Elementos "desechables" como nueva norma
En la construcción moderna de motores se observa cada vez con más frecuencia el uso consciente de componentes plásticos poco duraderos. Uno de los ejemplos más ilustrativos es la fijación del cableado con clips adhesivos. Basta con retirar el mazo para llegar al conjunto necesario en un compartimento del motor estrecho, y ya es imposible volver a colocarlo en su lugar. Hay que improvisar o comprar una fijación nueva, de hecho desechable.
La misma lógica se aplica a sensores, manguitos, anillos de retención, tapones y otros elementos pequeños. Es especialmente revelador el ejemplo de las juntas de la culata. En otro tiempo, bajo la culata se colocaba una compleja junta de paronita con anillos de acero. El proceso de instalación exigía una gran precisión, una preparación minuciosa de las superficies y un apriete cuidadoso de los elementos de fijación.
Hoy, este diseño a menudo se sustituye por un sellador especial. Si se retiró la culata, hay que comprar una composición nueva. Cuesta varias veces más que la junta anterior, y su aplicación correcta requiere experiencia y cuidado. Formalmente, el proceso se simplificó, pero desde el punto de vista del propietario se volvió más caro y más complejo.
Desgaste programado como parte de la economía
Una situación similar se observa con los radiadores de refrigeración, sensores, tapones y otros elementos. La producción de piezas plásticas resulta barata, pero desmontarlas sin daños a menudo no es sencillo ni siquiera para un mecánico profesional.
El plástico poco duradero también se manifiesta en los cárteres de aceite, en las protecciones y en los depósitos de combustible. Después de viajes por caminos difíciles, de pesca o de caza, los elementos plásticos a menudo terminan dañados, mientras que los análogos metálicos soportaban tales cargas.

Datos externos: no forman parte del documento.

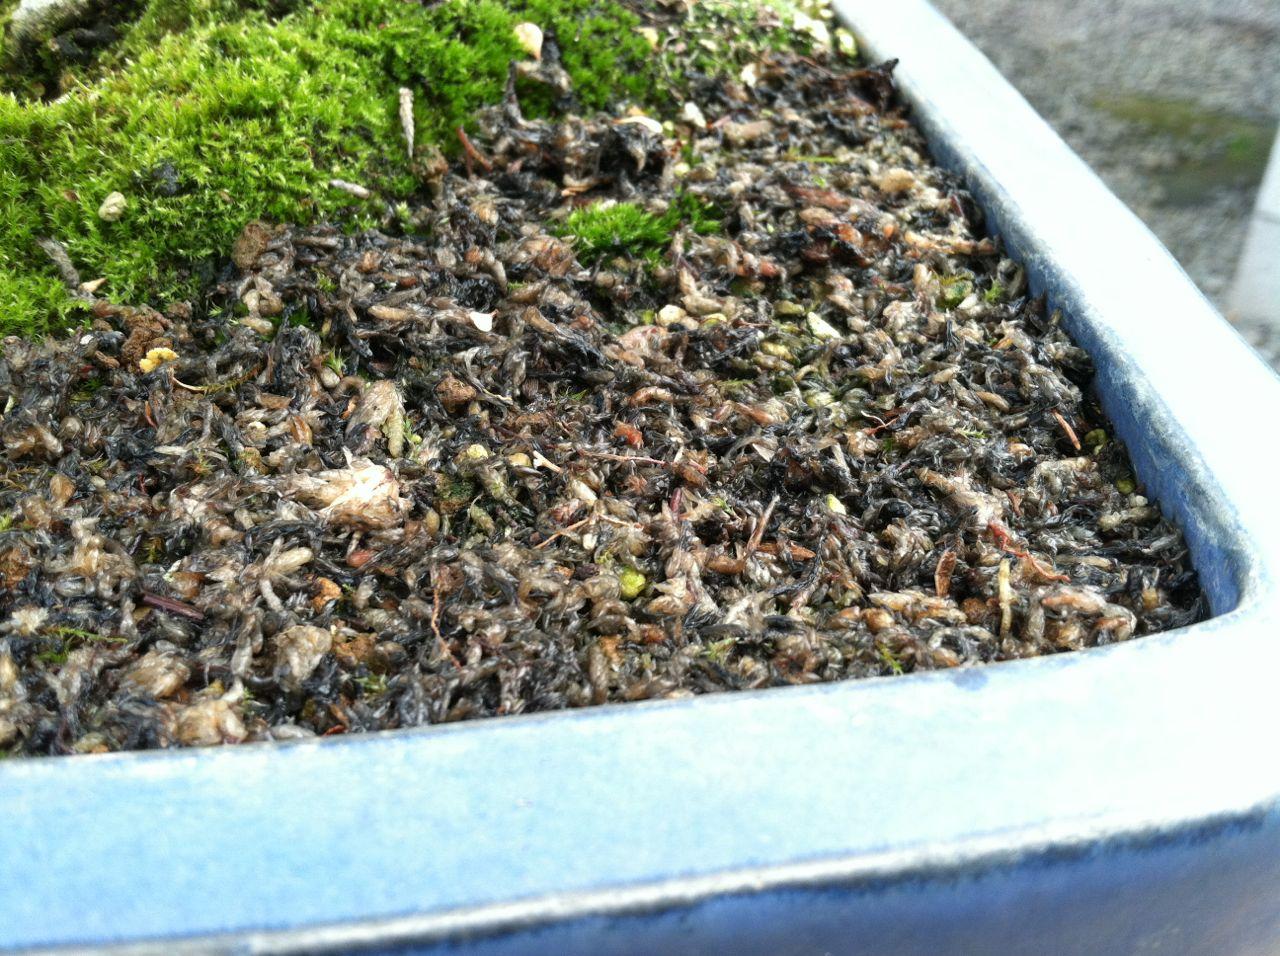 The Moss Myth Michael Hagedorn

La causa de este enfoque es evidente. La mayoría de las piezas plásticas del motor cuestan al fabricante mucho menos que las de aluminio o latón. Al mismo tiempo, la reparación de estos componentes es prácticamente imposible. Si los artesanos aún podían restaurar una bomba de agua o un termostato metálicos, el plástico excluye esa posibilidad.
Como resultado, el propietario se ve obligado a comprar una pieza nueva, que no cuesta menos que una metálica. Para los fabricantes de automóviles y los proveedores, esto significa una fuente estable y bastante considerable de ganancias.